INSTRUCTIONS TO FOLLOW >>
Everything from the line holding "Winter christmas background" through the final line of the entries below is to be duplicated exactly, and nothing outside that span.

RECORDS FOR PROCESSING >>
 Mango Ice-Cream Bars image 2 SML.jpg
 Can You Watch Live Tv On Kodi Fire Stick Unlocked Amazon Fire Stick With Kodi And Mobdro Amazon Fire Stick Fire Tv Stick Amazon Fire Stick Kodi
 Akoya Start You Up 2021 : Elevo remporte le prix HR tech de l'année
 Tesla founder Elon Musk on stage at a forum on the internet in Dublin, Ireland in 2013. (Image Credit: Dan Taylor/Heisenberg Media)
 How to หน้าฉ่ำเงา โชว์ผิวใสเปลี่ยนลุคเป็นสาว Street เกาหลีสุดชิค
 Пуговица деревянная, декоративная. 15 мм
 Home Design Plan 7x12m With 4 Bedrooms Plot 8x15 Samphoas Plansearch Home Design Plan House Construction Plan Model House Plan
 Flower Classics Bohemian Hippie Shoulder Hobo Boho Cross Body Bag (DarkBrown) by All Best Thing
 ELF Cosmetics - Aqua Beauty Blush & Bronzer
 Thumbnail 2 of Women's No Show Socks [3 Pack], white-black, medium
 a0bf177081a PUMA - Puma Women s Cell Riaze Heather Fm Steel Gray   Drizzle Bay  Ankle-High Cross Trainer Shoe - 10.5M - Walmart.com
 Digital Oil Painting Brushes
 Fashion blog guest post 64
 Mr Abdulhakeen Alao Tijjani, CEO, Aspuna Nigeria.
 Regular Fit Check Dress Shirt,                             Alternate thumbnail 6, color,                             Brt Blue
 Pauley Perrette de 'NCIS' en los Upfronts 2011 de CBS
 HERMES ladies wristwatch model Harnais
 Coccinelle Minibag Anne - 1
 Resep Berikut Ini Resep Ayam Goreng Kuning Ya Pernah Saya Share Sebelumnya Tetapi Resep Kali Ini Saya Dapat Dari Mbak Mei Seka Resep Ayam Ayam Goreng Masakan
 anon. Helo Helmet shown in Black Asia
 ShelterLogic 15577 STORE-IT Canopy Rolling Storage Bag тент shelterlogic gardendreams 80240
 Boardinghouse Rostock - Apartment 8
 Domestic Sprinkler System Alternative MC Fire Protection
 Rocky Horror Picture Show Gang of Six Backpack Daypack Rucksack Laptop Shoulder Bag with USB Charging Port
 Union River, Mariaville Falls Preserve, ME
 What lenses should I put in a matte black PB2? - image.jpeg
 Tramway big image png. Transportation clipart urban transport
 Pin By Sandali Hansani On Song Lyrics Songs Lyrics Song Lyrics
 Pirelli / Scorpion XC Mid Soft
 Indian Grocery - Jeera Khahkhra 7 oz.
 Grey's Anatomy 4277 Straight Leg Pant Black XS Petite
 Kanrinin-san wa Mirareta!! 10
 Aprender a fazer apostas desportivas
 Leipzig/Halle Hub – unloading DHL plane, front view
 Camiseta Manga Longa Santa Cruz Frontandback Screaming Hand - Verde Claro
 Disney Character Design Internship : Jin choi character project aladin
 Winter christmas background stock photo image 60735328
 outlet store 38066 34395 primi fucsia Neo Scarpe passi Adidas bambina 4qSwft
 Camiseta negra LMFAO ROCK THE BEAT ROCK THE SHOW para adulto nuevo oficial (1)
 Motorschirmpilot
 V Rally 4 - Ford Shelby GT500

FINISHED TASK >>
 Winter christmas background stock photo image 60735328
 outlet store 38066 34395 primi fucsia Neo Scarpe passi Adidas bambina 4qSwft
 Camiseta negra LMFAO ROCK THE BEAT ROCK THE SHOW para adulto nuevo oficial (1)
 Motorschirmpilot
 V Rally 4 - Ford Shelby GT500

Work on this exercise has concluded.